Retype every line of the data below, starting with the first and ending with the line that contains "comment faire l", but leave out the pictures.

DATA SECTION:
####################
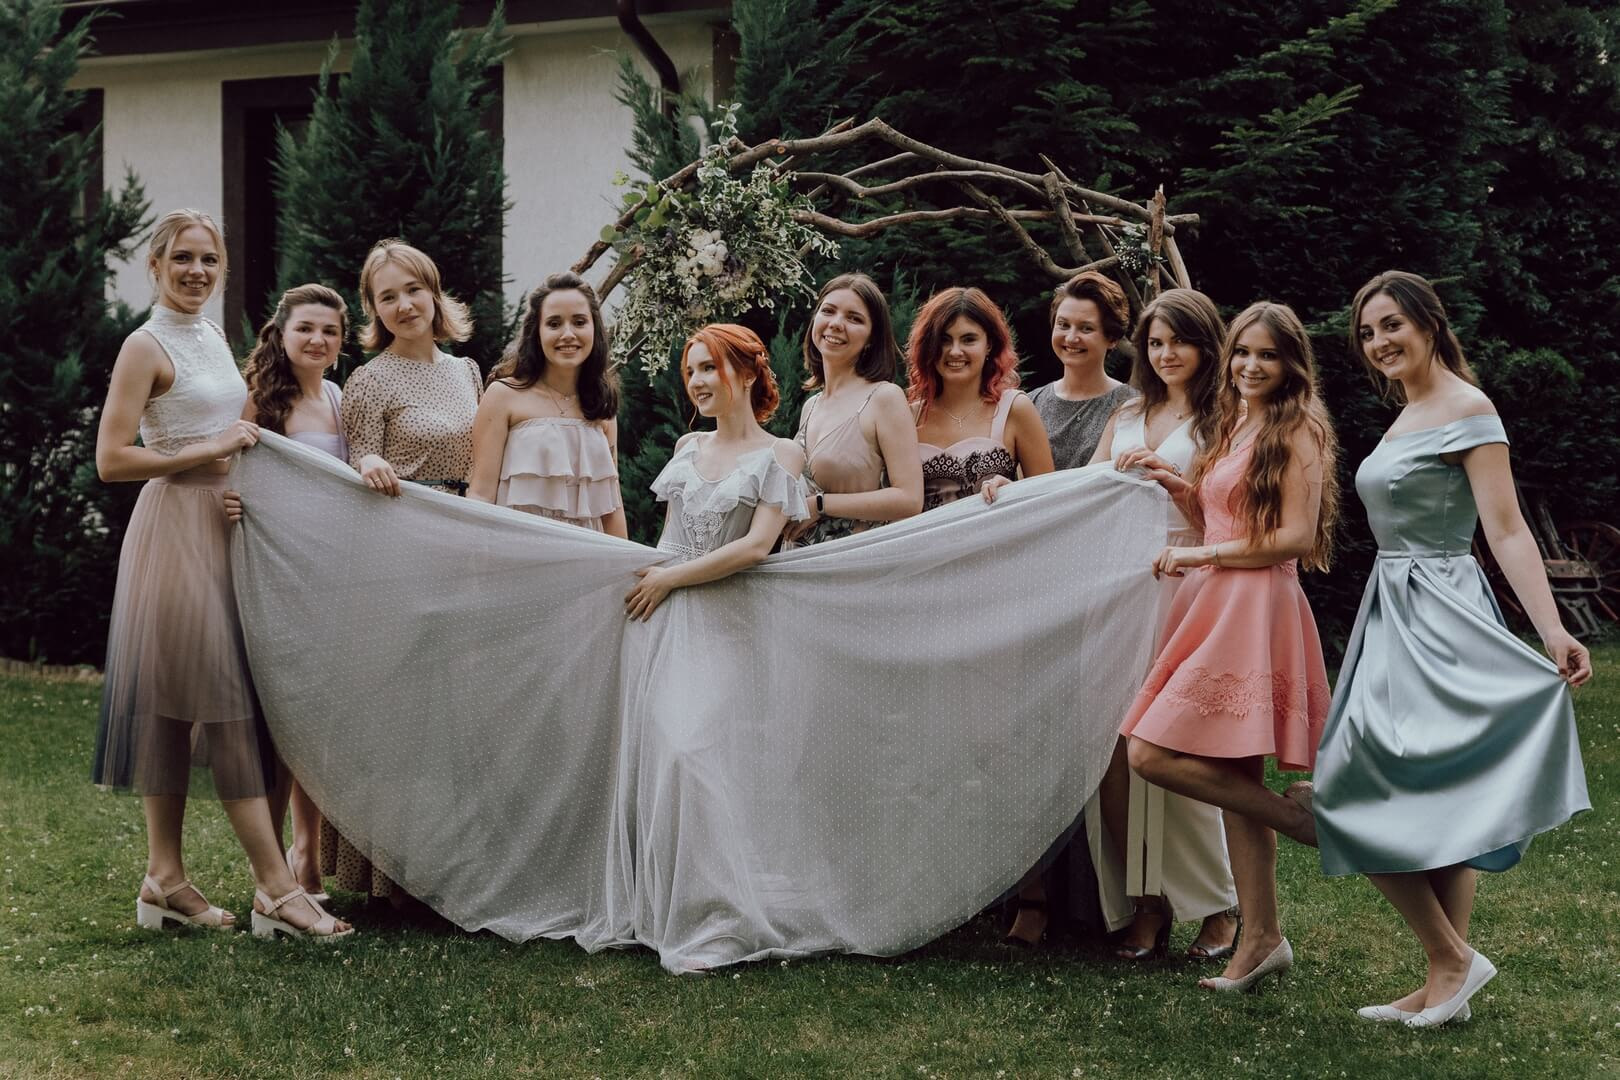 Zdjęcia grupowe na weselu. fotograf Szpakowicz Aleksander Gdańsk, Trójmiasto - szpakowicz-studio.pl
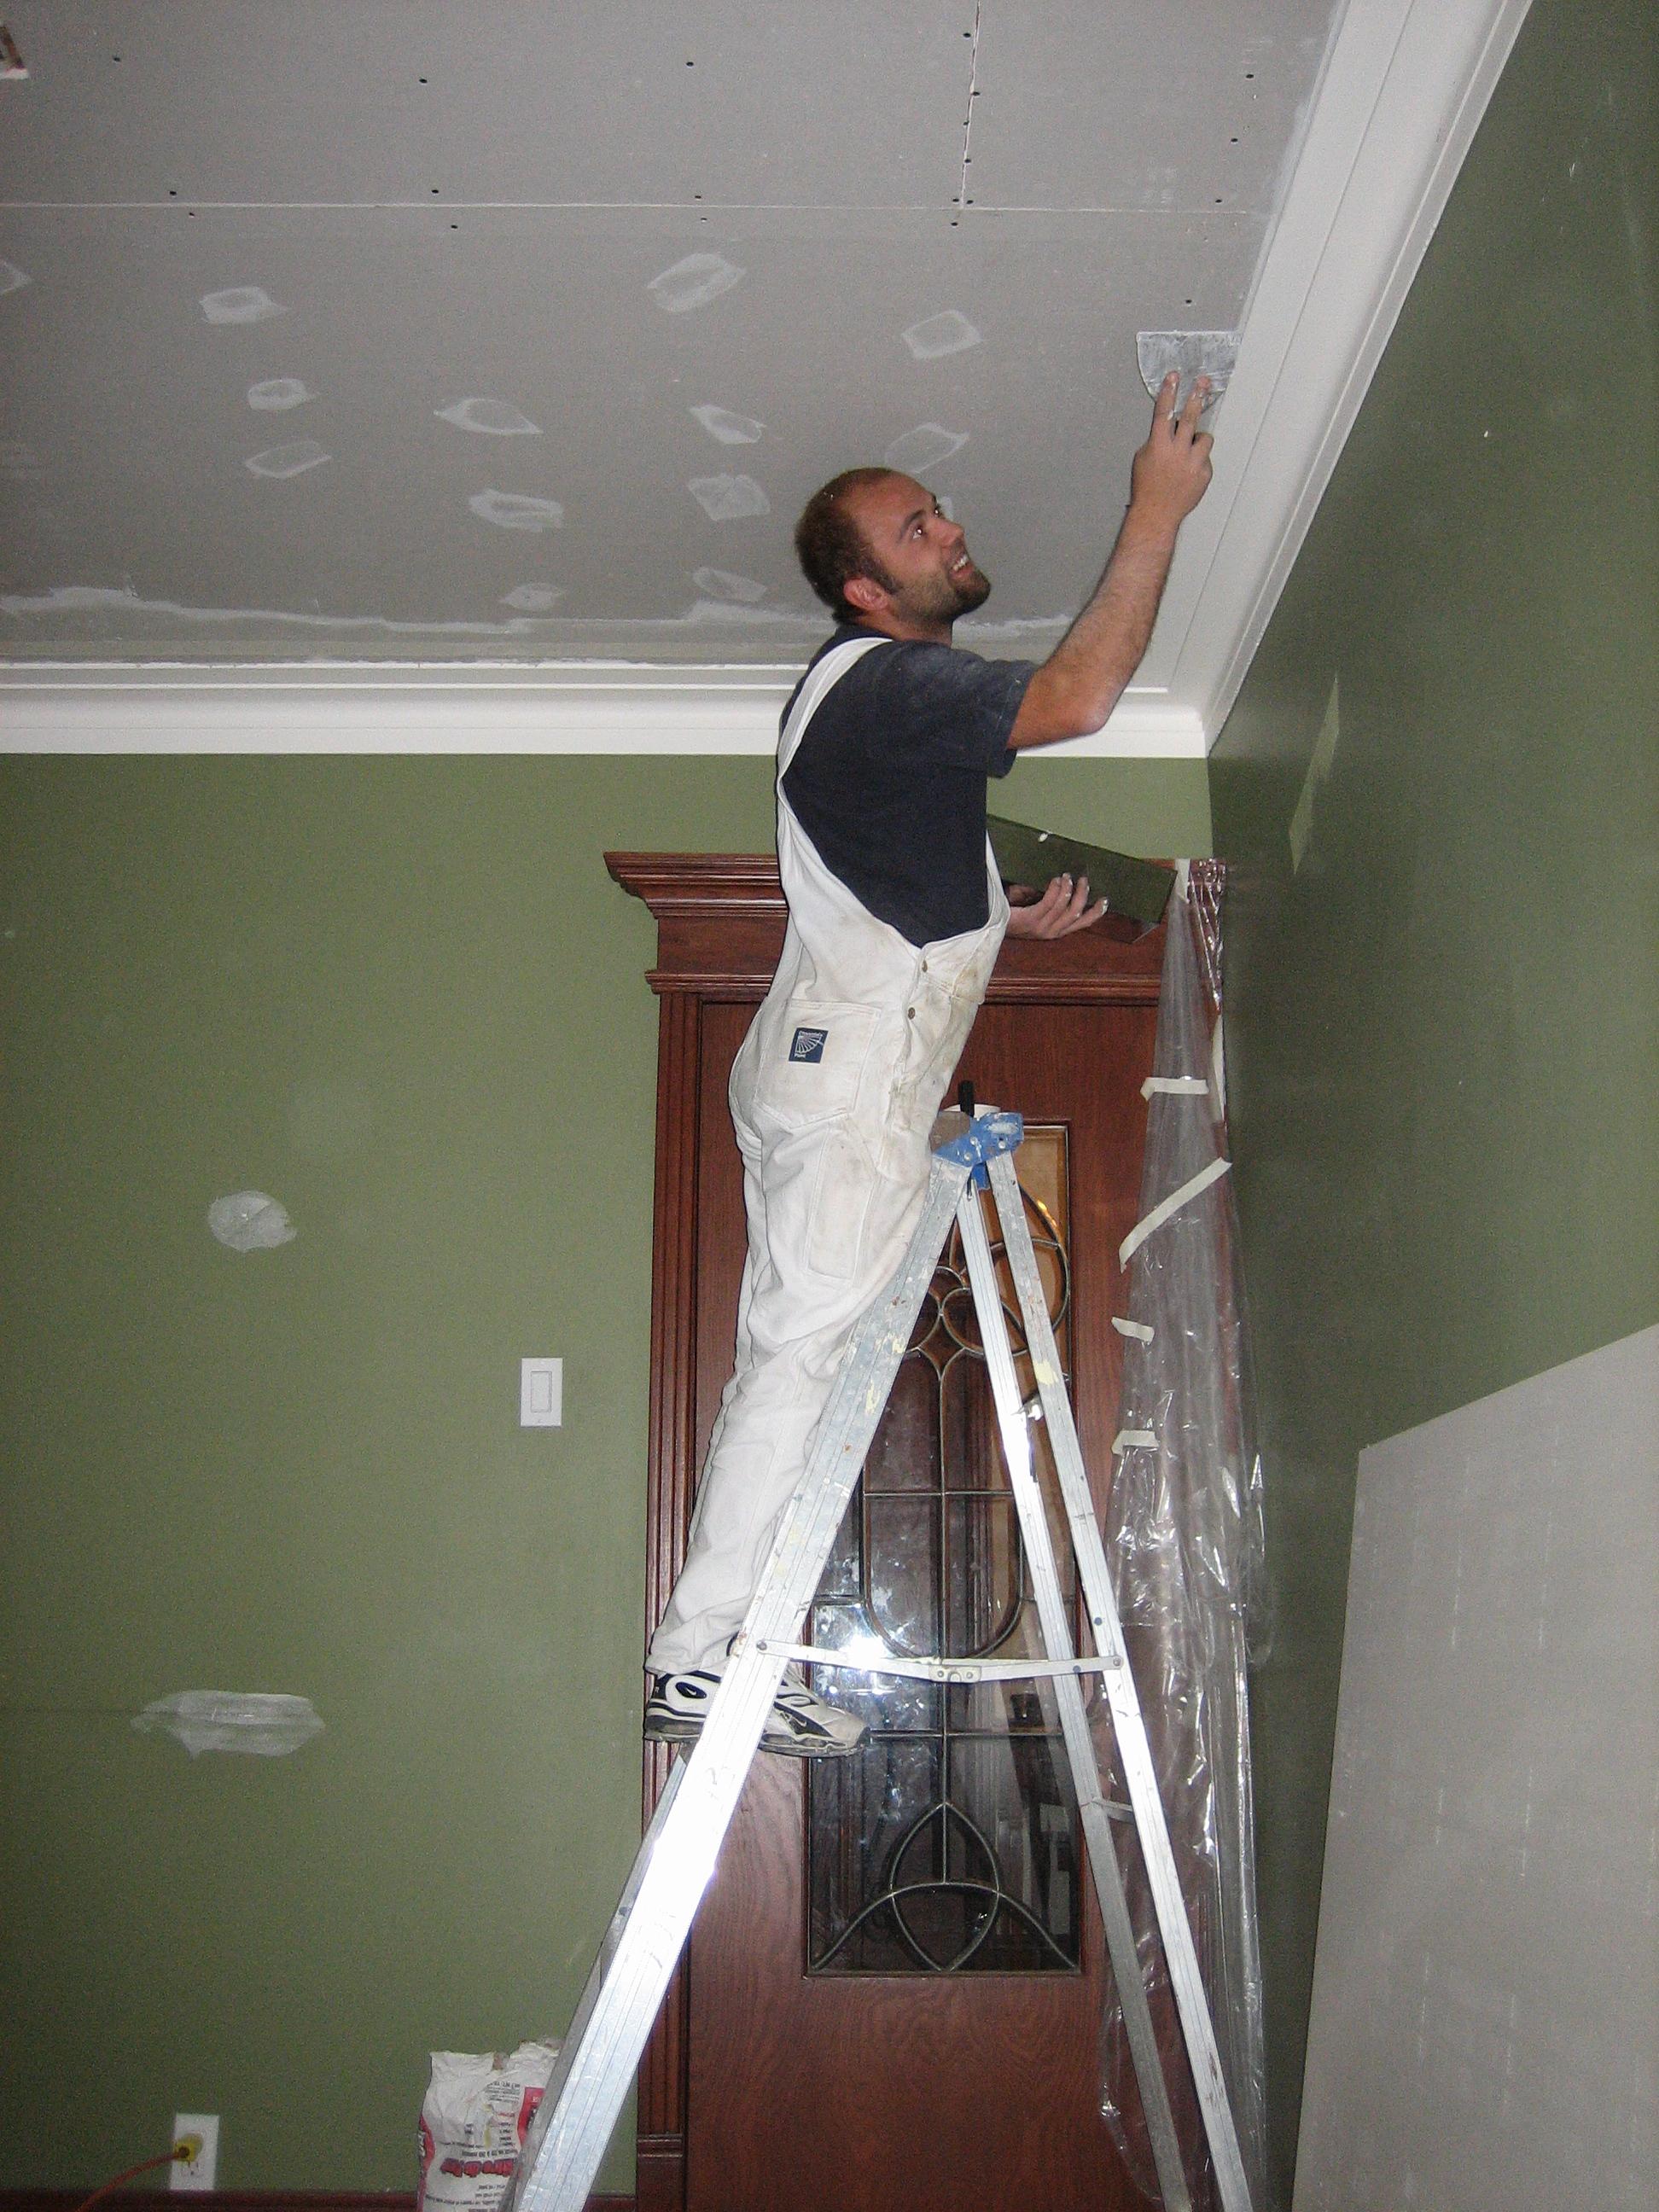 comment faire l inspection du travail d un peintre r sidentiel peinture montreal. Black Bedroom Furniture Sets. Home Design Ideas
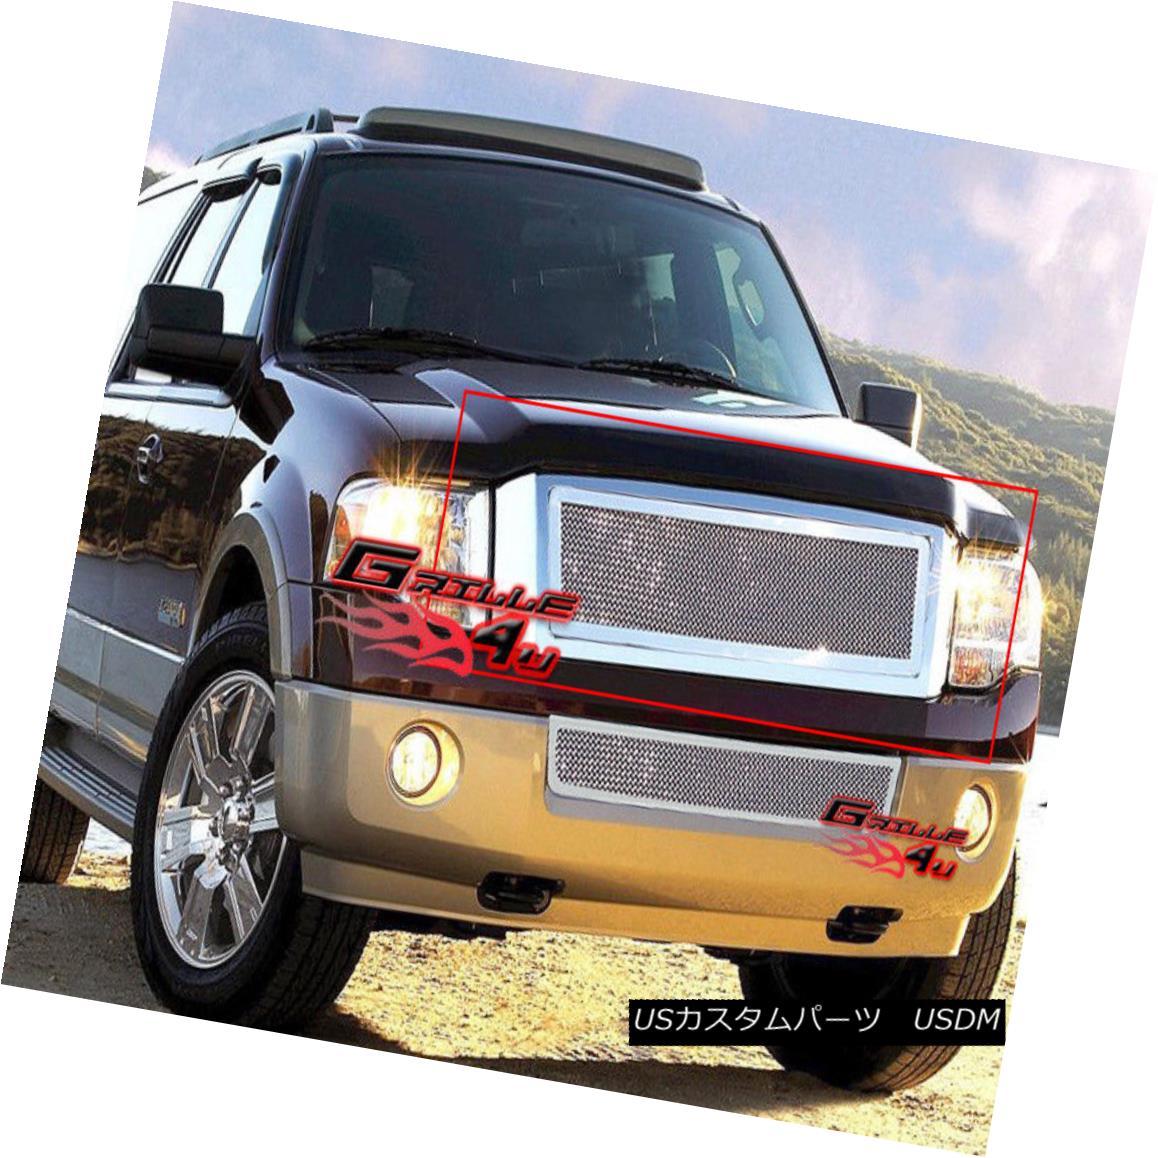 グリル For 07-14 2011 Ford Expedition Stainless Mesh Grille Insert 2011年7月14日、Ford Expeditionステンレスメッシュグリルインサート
####################
THE ANSWER:
 Zdjęcia grupowe na weselu. fotograf Szpakowicz Aleksander Gdańsk, Trójmiasto - szpakowicz-studio.pl
 comment faire l inspection du travail d un peintre r sidentiel peinture montreal. Black Bedroom Furniture Sets. Home Design Ideas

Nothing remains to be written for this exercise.